Как тени сопровождают Чичикова в его странствиях образы всяческих всадников и полководцев, вождей революций и мировых знаменитостей. В доме Собакевича "на картинах все были молодцы, все греческие полководцы, гравированные во весь рост: Маврокордато в красных панталонах и мундире, с очками на носу, Миуали, Канари. Все эти герои были с такими толстыми ляжками и неслыханными усами, что дрожь проходила по телу. Между крепкими греками, неизвестно каким образом и для чего, поместился Багратион, тощий, худенький, с маленькими знамёнами и пушками внизу…".
И всё время, пока между Собакевичем и Чичиковым идёт деловой разговор, пока они торгуются и не сходятся в цене на "мёртвых", эти портреты (тоже в некотором смысле "мёртвые души") смотрят на них со стен, принимая участие в торге. "Багратион, – пишет Гоголь, – с орлиным носом глядел со стены чрезвычайно внимательно на эту покупку…" Бедная история! Ей ничего не остаётся делать, как принимать то, что совершается на её глазах, – она даже съёживается, уменьшается от смущения.

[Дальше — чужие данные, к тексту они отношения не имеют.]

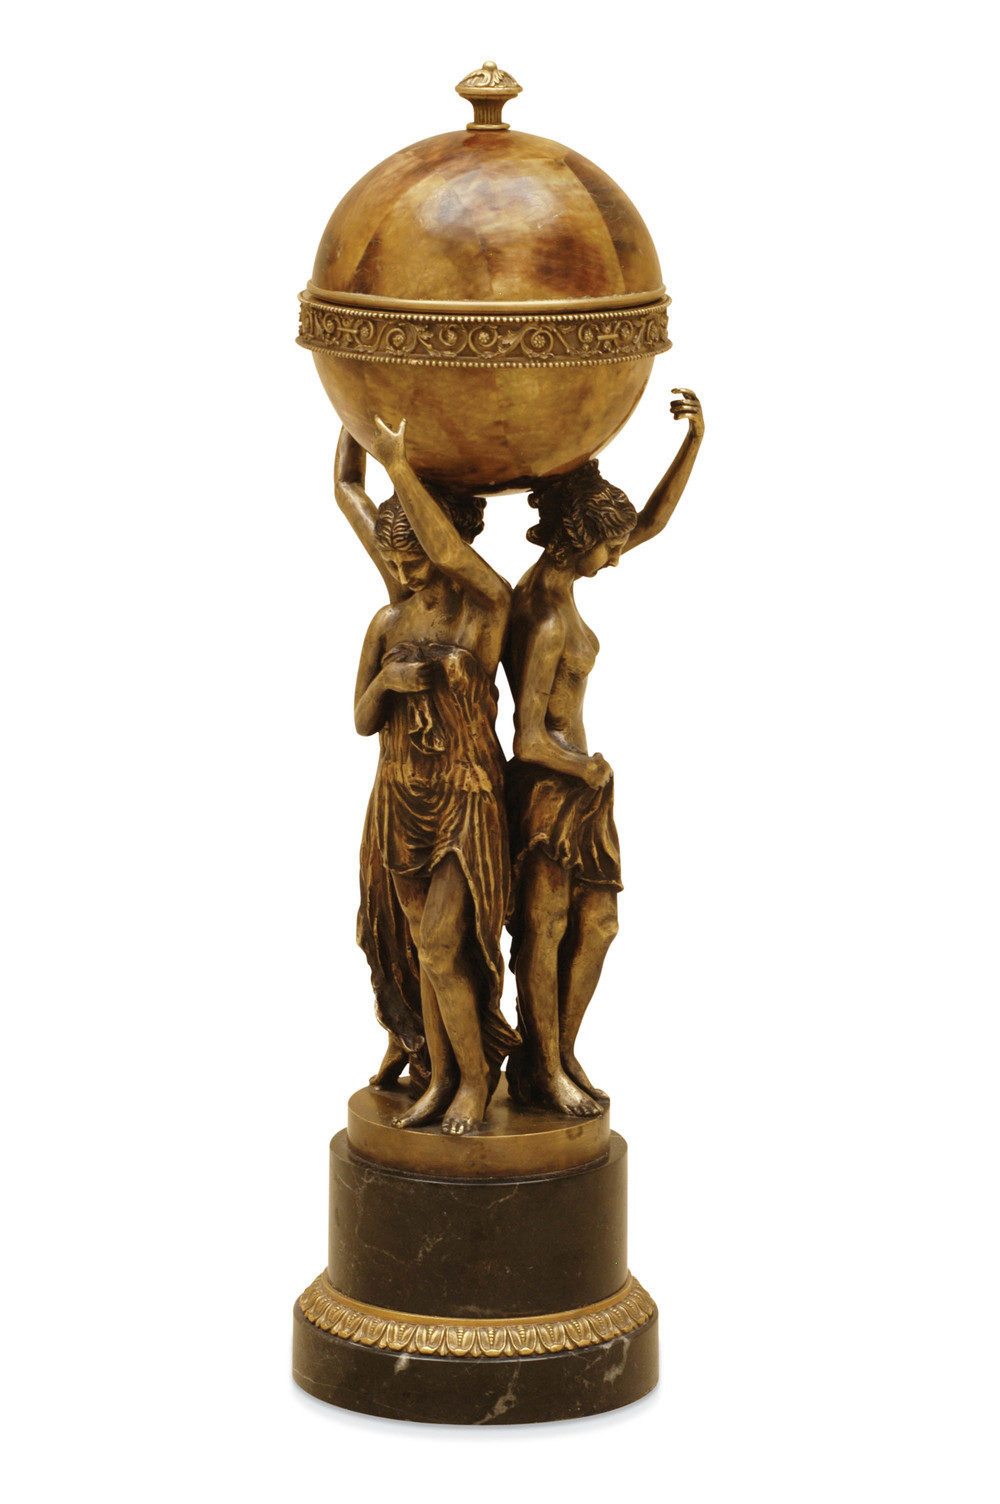 Maitland-Smith - Highlighted Brass Ladies Holding Tiger Penshell Box

Когда Чичиков попадает к Ноздрёву, воинственная историческая тема сходит с картин на землю. Разыгрывается сражение между шулером хозяином и хитрецом гостем, который отказывается играть с ним в шашки. Ноздрёв приступает к лицу Чичикова с кулаками, как молодой поручик, воображающий себя Суворовым, штурмующим какой-нибудь Измаил. Но через минуту этого "Суворова" берут под арест "по случаю нанесения помещику Максимову личной обиды розгами, в пьяном виде". "Суворов" попадает в руки капитан-исправника, а Чичиков, в котором дамы города NN найдут впоследствии "что-то даже марсовское", вскакивает в бричку и несётся что есть духу прочь, радуясь, что сохранил бока и весь свой род для грядущего "потомства".
Впрочем, чичиковские Бородино и Троя ещё впереди. Главное сражение будет дано им в городе, где и свершится тот самый "пассаж", о котором предупреждал автор читателя, пуская своего героя в поездку по губернии. Полем сражения сделается бал – бал у губернатора, где сойдутся все враждующие армии и где Чичиков будет произведён в "Марсы", а потом низвергнут, вновь поднят и опять опущен в неведомые глубины. Тут-то запляшут и затанцуют в поэме древние греки и "рыцари", все эти Зевесы и Прометеи, жрецы Фемиды и местные Маврокордато. Но до того Гоголь как бы ещё раз произведёт ревизию города и ревизию истории в его лице, совершив вместе с Чичиковым обход "сановников" и "властителей", палат и частных домов, где закрепится и получит законное основание его покупка.